**RECORDED DATA:**
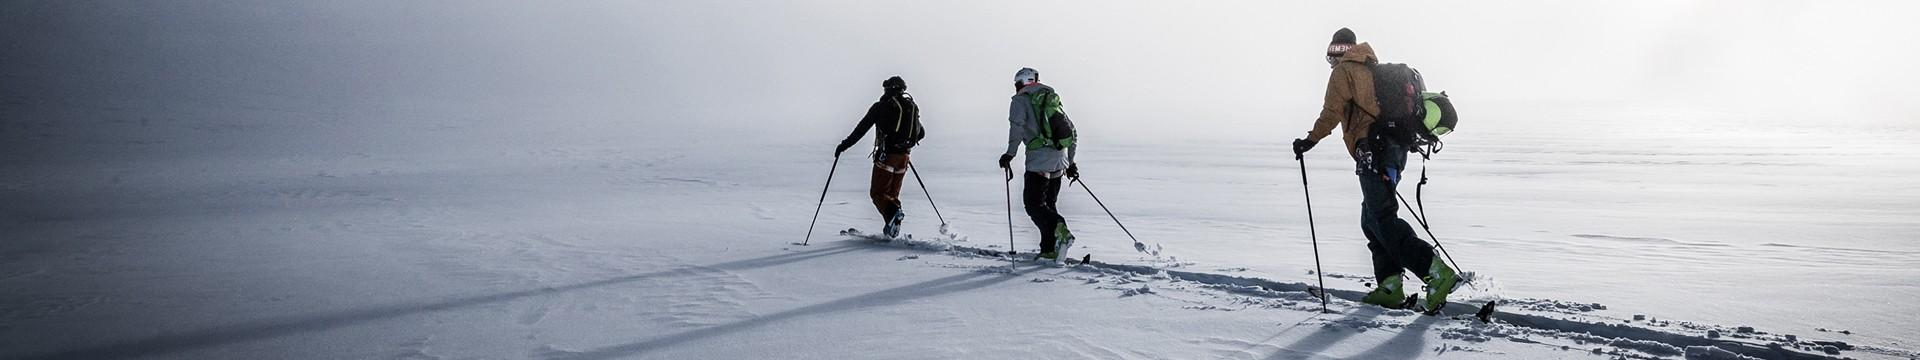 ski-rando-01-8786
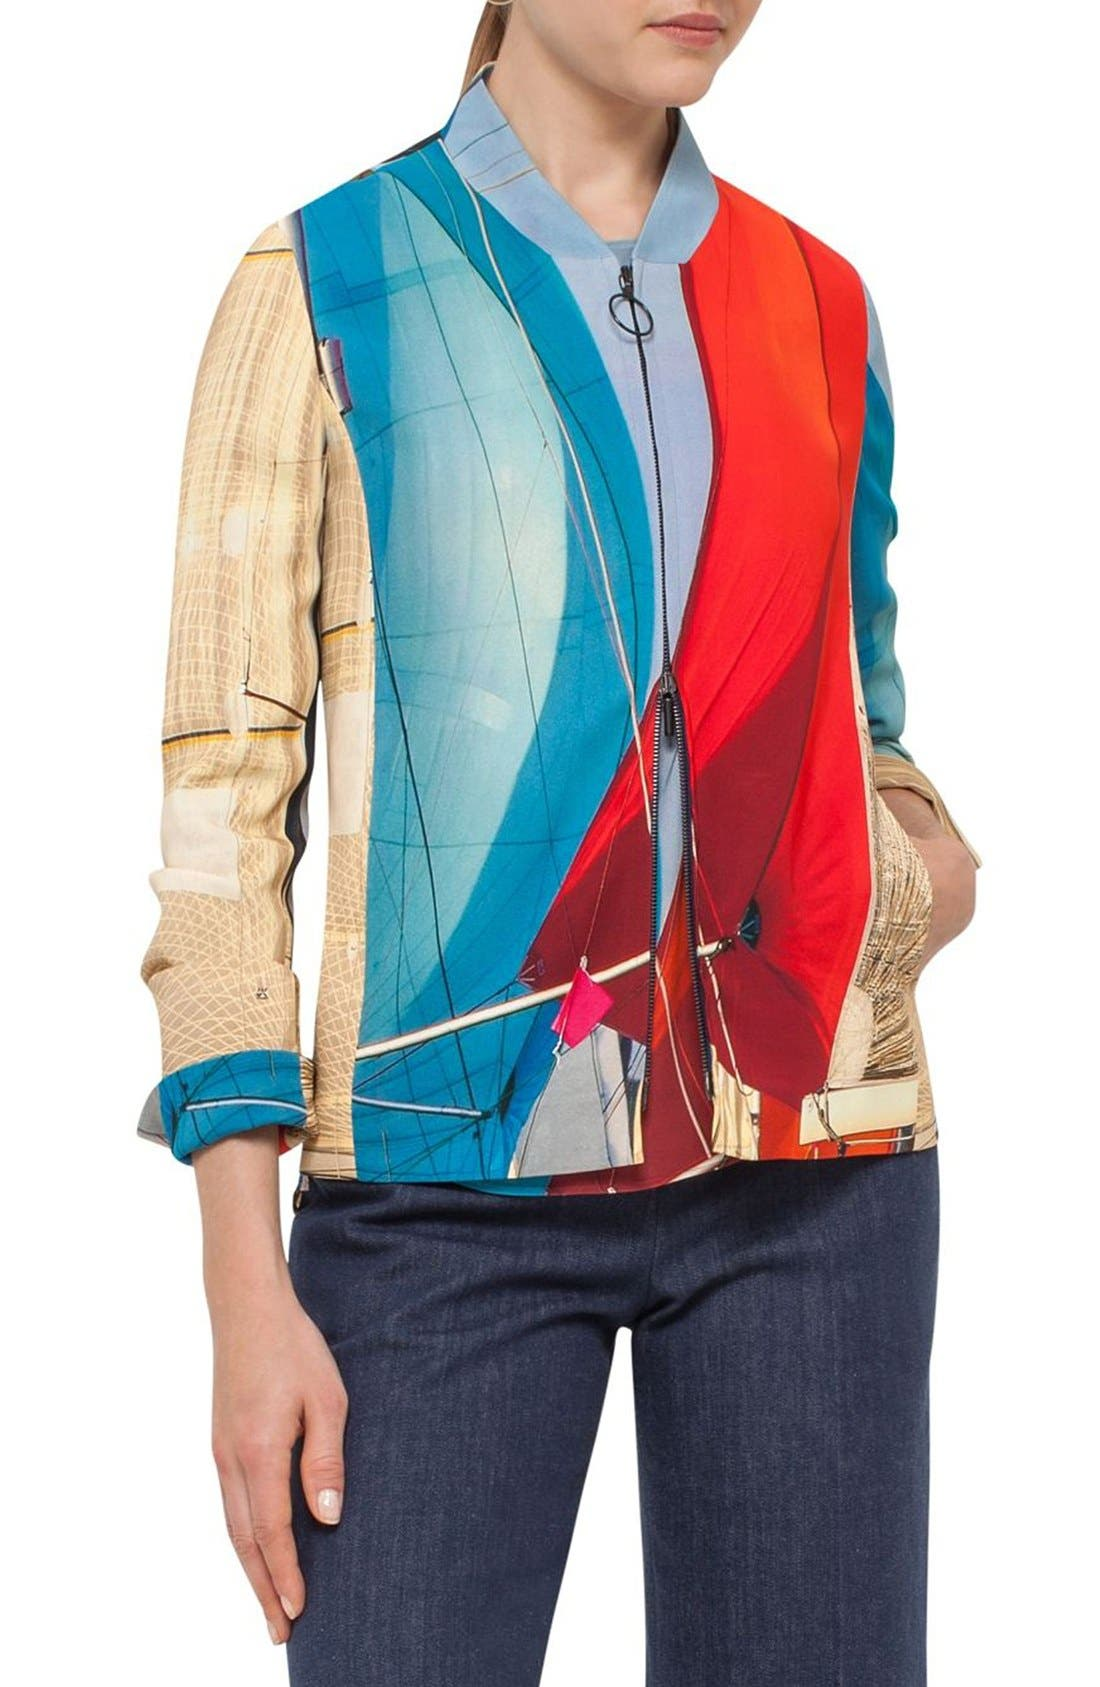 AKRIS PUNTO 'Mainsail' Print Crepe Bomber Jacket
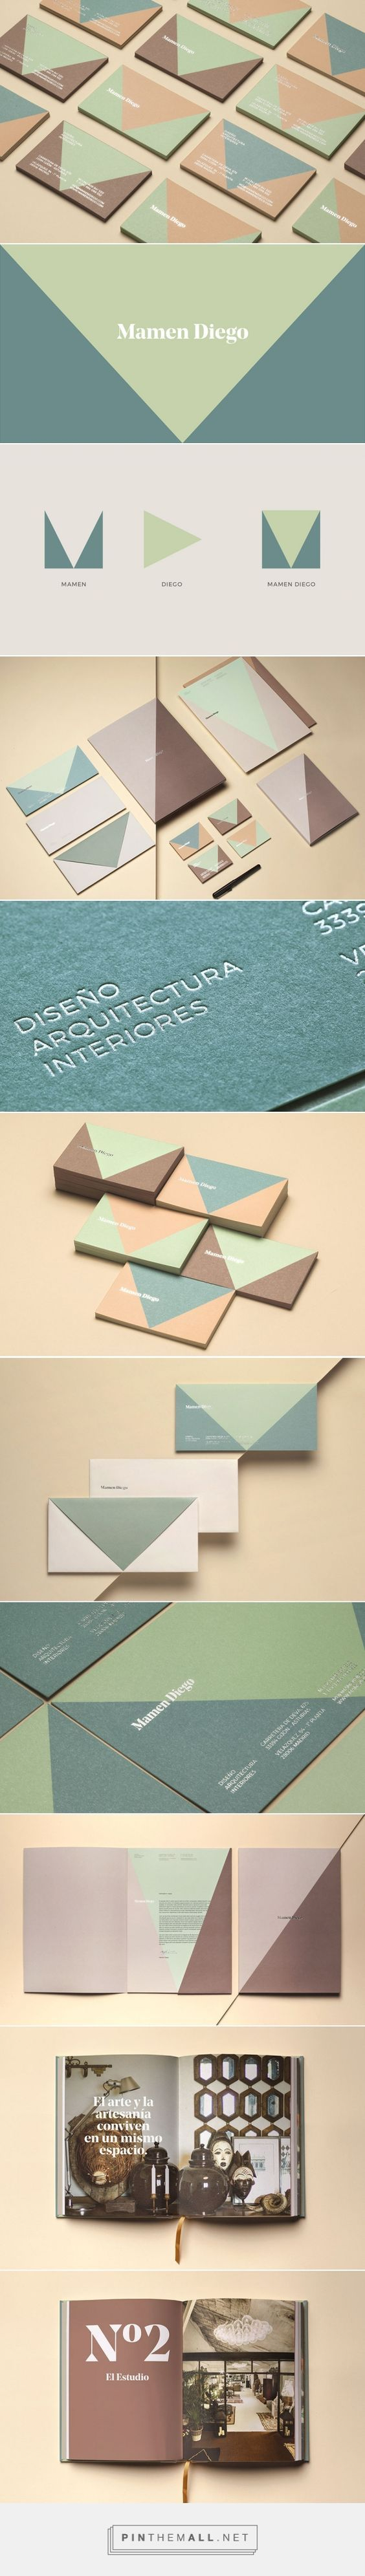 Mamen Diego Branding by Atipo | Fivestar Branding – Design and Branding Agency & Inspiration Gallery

**EXERCISE GOAL:**
At the line containing "AKRIS PUNTO 'Mainsail'", start reproducing exactly, and stop after the last line of the listing; include both ends, and leave the pictures out.

**ANSWER FOR THIS EXERCISE:**
 AKRIS PUNTO 'Mainsail' Print Crepe Bomber Jacket
 Mamen Diego Branding by Atipo | Fivestar Branding – Design and Branding Agency & Inspiration Gallery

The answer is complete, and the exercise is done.